On 6 May 2015 at 4:25, Damian Vicino wrote:

> I was planning to access FENV for detecting unsafe operations on the
> native floating point types and include some custom pre-post conditions
> for testing other floating types safety conditions.

The only compiler I've ever known fenv to work right on is MSVC and
ICC. But MSVC's FP support is extremely conservative by default, and
a lot of people needing FP performance use /fp:fast which completely
eliminates fenv.

I just looked up the docs and even MSVC default doesn't enable all of
fenv. For that you need /fp:strict or even /fp:except.

> I just found today that clang++ does not support the pragma to use FENV yet.
> warning: pragma STDC FENV_ACCESS ON is not supported
> Googling a little I found out that neither does gcc.
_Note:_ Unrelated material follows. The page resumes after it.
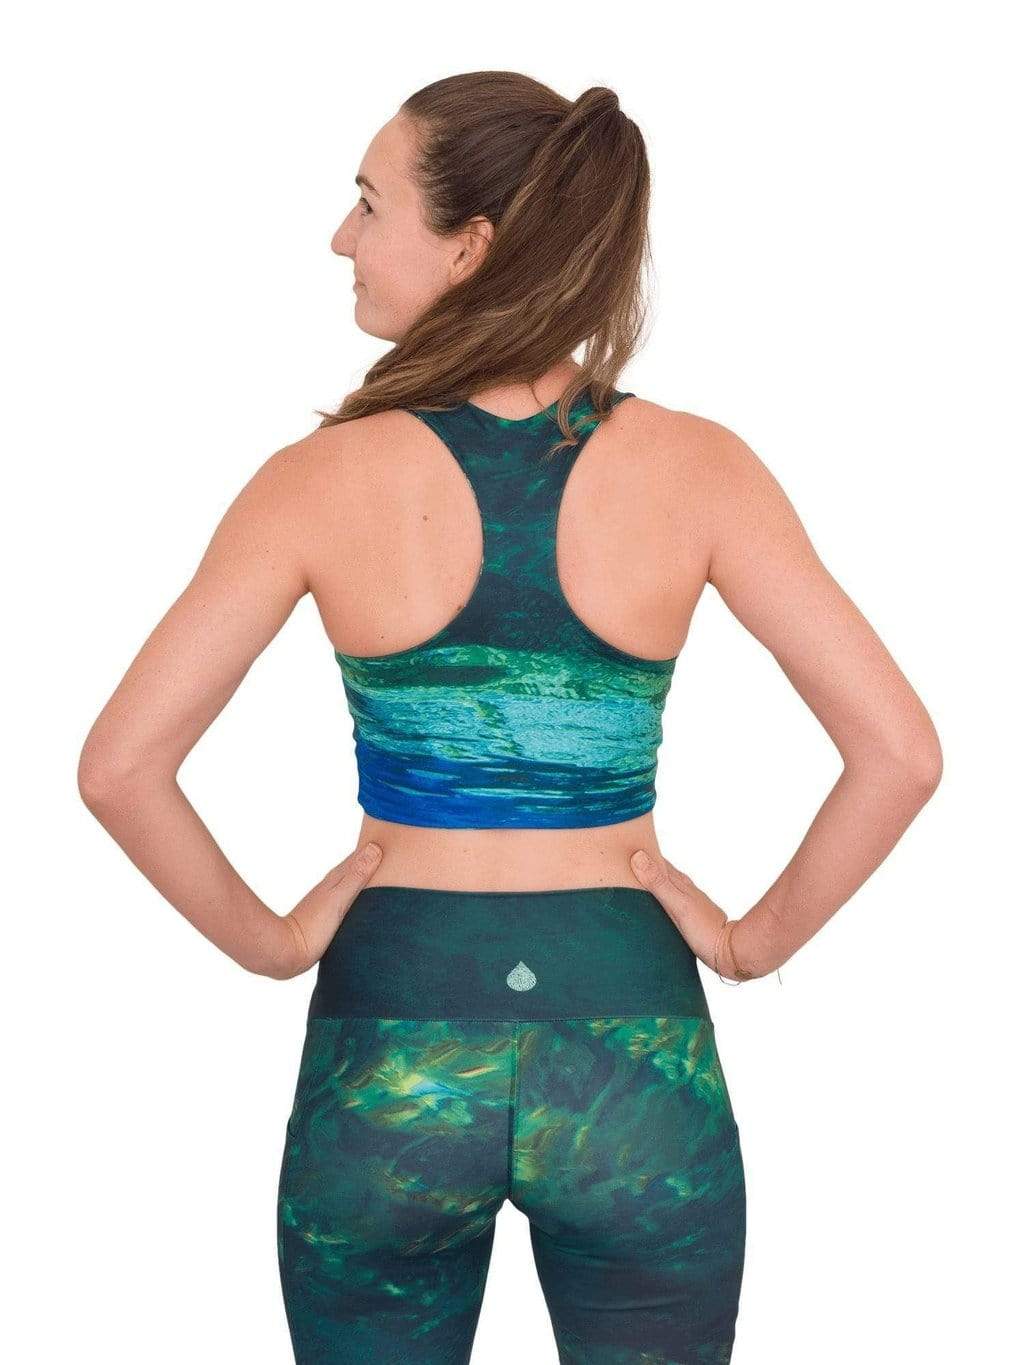 Fountain of Youth/Mermaid Camo Reversible Top

This doesn't surprise me. fenv is very hard to optimise well. Most FP
users would prefer undefined behaviour than very slow performance. I
would doubt clang nor GCC will ever fully implement fenv due to
insufficient demand.

> How are c++11 boost libraries dealing with these compiler issues?
> I got some options in mind:
> — Implement everything using custom detections, this will work in every compiler, but it will run slower for everyone too.
> — Finding a compiler with the support, implementing the library using the FENV, and assuming compilers will support it when the library is finished and reviewed.
> — Detect somehow the FENV pragma was not processed and have 2 implementations. No idea how to detect something like this.
>
> Had someone dealt with similar problem already?
> Is there a common approach?

Your mentor will surely advise, however I would recommend that your
library perform bit checks of the floating point values for every
operation. This will turn each single fp opcode into about eight
opcodes, all of which stall the CPU for a good 30 cycles each. But
correctness is more important than speed, and if the programmer is
employing safe_float they surely really need correctness over
performance.

I would also examine how ubsan implements its safe float checks to
see if you can lift some ideas.

One x86 specific trick is to reinterpret SSE2 registers as integers
for the bit checks, that way you don't force FP values back into
memory and reload into GP registers every single operation.
Performance might actually be tolerable. I would suspect you'll need
to drop into assembler for that though, and MSVC doesn't permit
inline assembler in x64.

I'd also loop David Bellot into this and ask what he thinks.